The interim analysis also showed that men with particularly advanced disease—those whose cancer had spread to at least four different locations in bone or had spread to a major organ such as the liver—were the most likely to benefit from the combination treatment, the NCI said.
Docetaxel, marketed as Taxotere by Sanofi SA, is also available in generic versions. Dr. Sweeney said, "The evidence is strong enough that I would offer [the combination] to my patients who have the high volume of disease and are eligible for docetaxel."
Because of side effects associated with chemotherapy, some men with prostate cancer aren't strong enough to take it, he said.

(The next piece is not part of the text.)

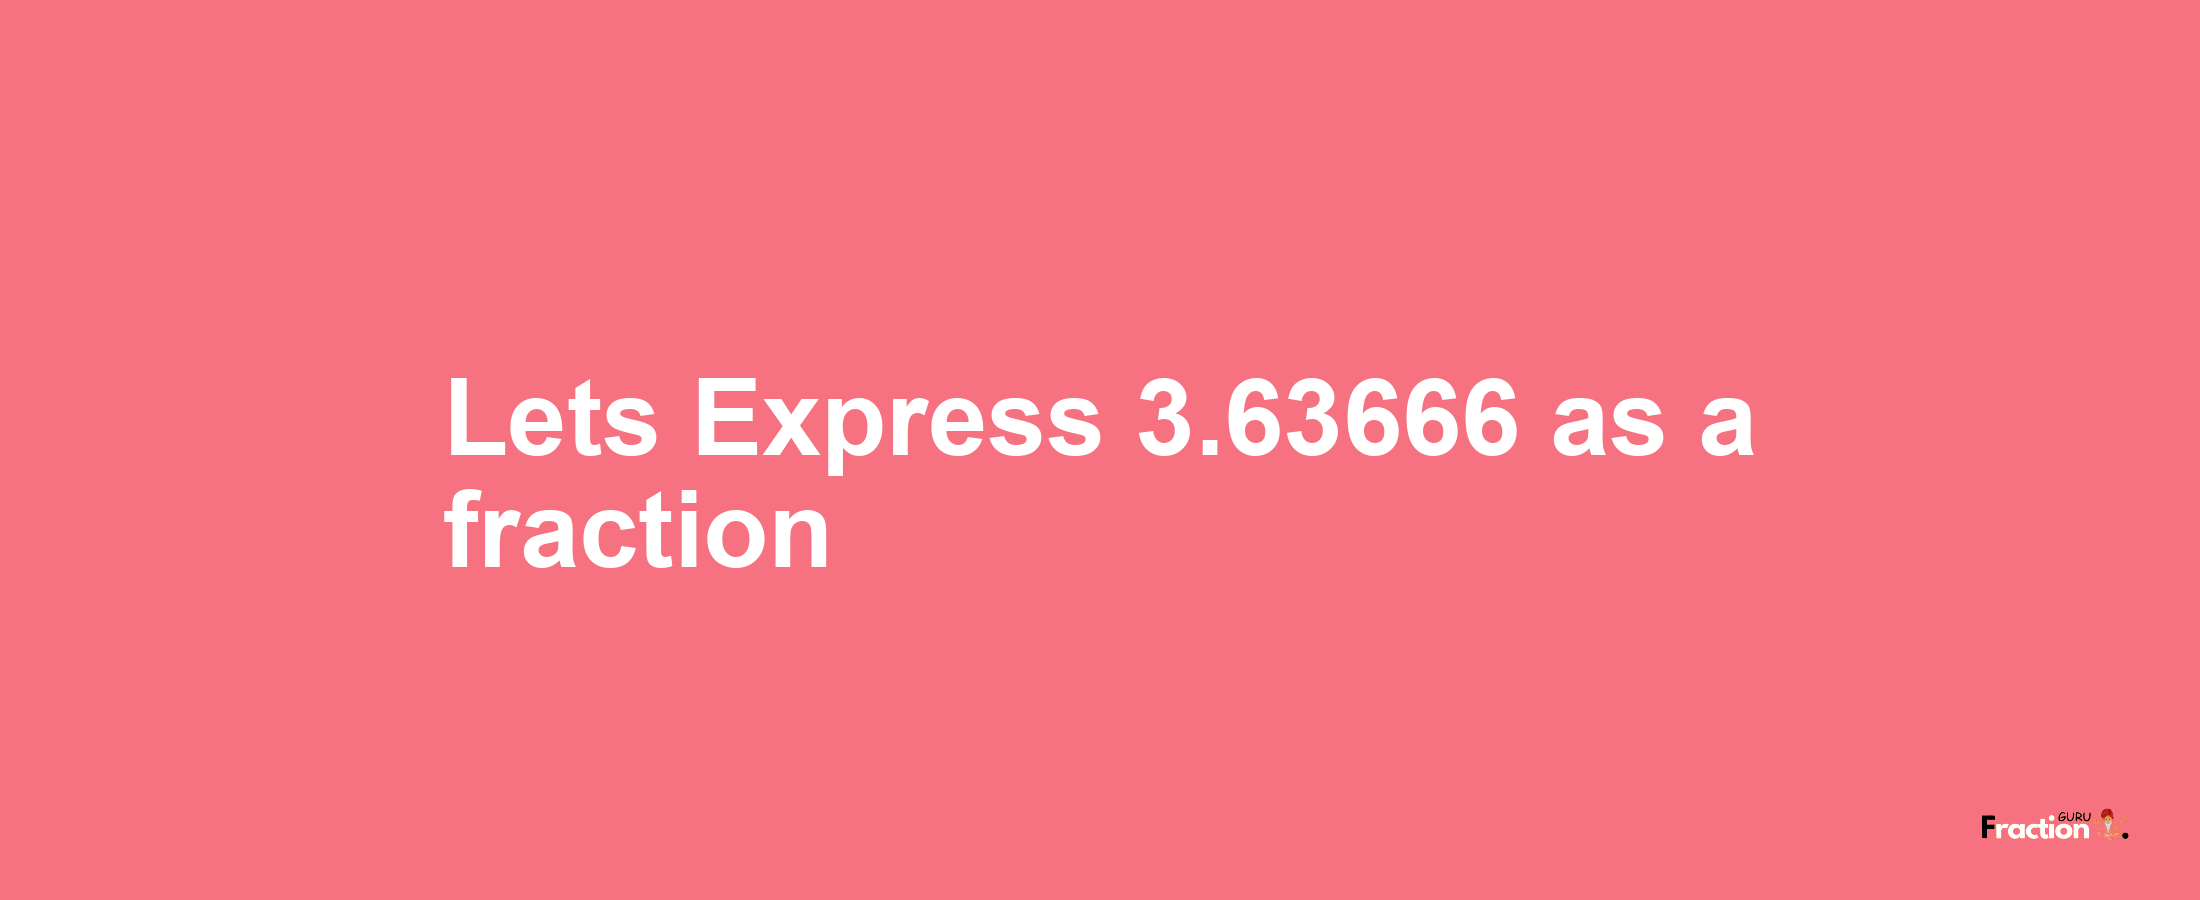 Lets Express 3.63666 as afraction

Since the study launched, other prostate-cancer remedies have been approved, including Zytiga from Johnson & Johnson and Xtandi from Astellas Pharmaceuticals of Japan and Medivation of San Francisco, both of which are hormone treatments. How they might fit into treatment regimens in the light of the new findings will be the subject of further study, Dr. Sweeney said
I see the drug being used effectively in several indications and side effects issues being managed intelligently.
I hope so.
From Biomaven on SI, worth bearing in mind. Obviously, it cuts both ways - doesn't cure, but it leaves you with a stable customer base....
Iclusig, albeit the most powerful drug, does not cure CML - patients have to keep taking it as long as they live. So an unacceptable SAE rate would make that impractical. At this point the drug is almost certainly destined as the last resort only.